# Solved: Unable to change label box size in Excel



## dmcclure (Jul 29, 1999)

I'm tgrying to resize a data point label in an Excel chart. (Excel 2002) According to the Excel help file:

"Click the chart area, the plot area, or the legend you want to move or resize. 
To move an item, point to the item, and then drag it to another location. 
To resize an item, point to a sizing handle. When the pointer changes to a double-headed arrow, drag the sizing handle until the item is the size you want."

I'm used to doing this in lots of other programs but I can't get it to work in my Excel charts. Does that mean I cannot resize data point data labels in Excel?

Don


----------



## jnoonananster (May 9, 2007)

Don, I have the same problem and have been trying to solve it for two weeks now. I can't find any answers. Someone please help!!!


----------



## Zack Barresse (Jul 25, 2004)

Can either of you two upload a sample file please?
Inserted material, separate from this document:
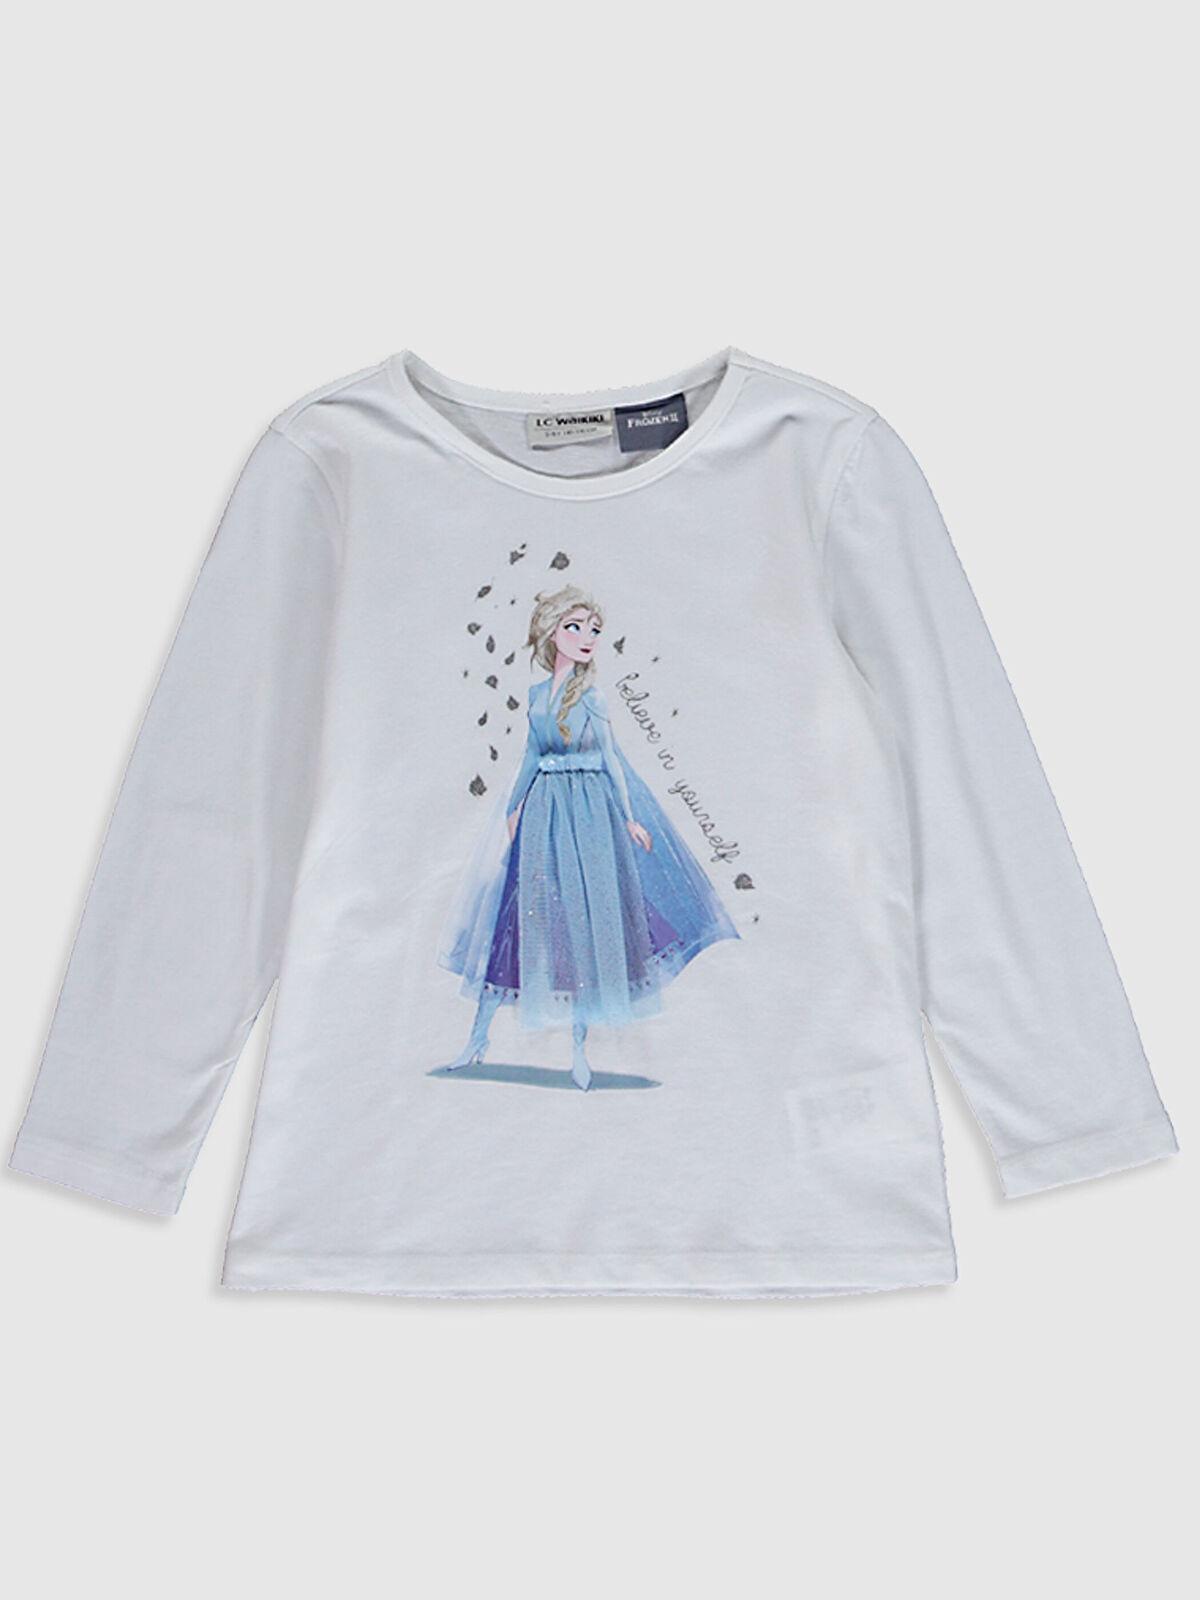 Kız Çocuk Elsa Baskılı Pamuklu Tişört - LC WAIKIKI

And jnoonananster, welcome to the board!


----------



## dmcclure (Jul 29, 1999)

Hi - Thanks for the offer to review the file. However, it's been a couple of months since posted the problem and I can't remember what spreadsheet I was working on then. I guess I found a way to work around the problem or it went away on it's own!

Don


----------



## jnoonananster (May 9, 2007)

It's not the hugest deal in the world, but I would like to have control over the size (width and height) of the label boxes. I have been able to edit the text inside (font and size, breaks), but the set bounding box is a real limitation regardless. Thanks for taking a look.


----------



## slurpee55 (Oct 20, 2004)

Jnoonananster, to start with,you file is in PowerPoint, not Excel, so the pictures you have are Metafiles - a type of picture, You probably originally made them in Excel or based them on an Excel spreadsheet. If you want to edit the labels for them, I think you have to do it in the original graph, not the picture copied into PowerPoint.


----------



## dmcclure (Jul 29, 1999)

I found the file that started all this and I've attached it. I cannot change the data point label box. For example: see the data point labeled " Fences/gravel/mailboxes 8%". I'd like to increase the width so "Fences/gravel/mailboxes" all fits on one line.

Don


----------



## Zack Barresse (Jul 25, 2004)

I'm afraid you cannot edit/change those. You cannot even do this programmatically through VBA. you can, however, replace it with a standard textbox and have the ability to resize it, but then you also lose the native ability to have it linked to your chart [location]. Sorry.


----------



## dmcclure (Jul 29, 1999)

Well - That's sorta dumb! Maybe in Excel 2025 they'll fix that.
Thanks for the answer.

Don


----------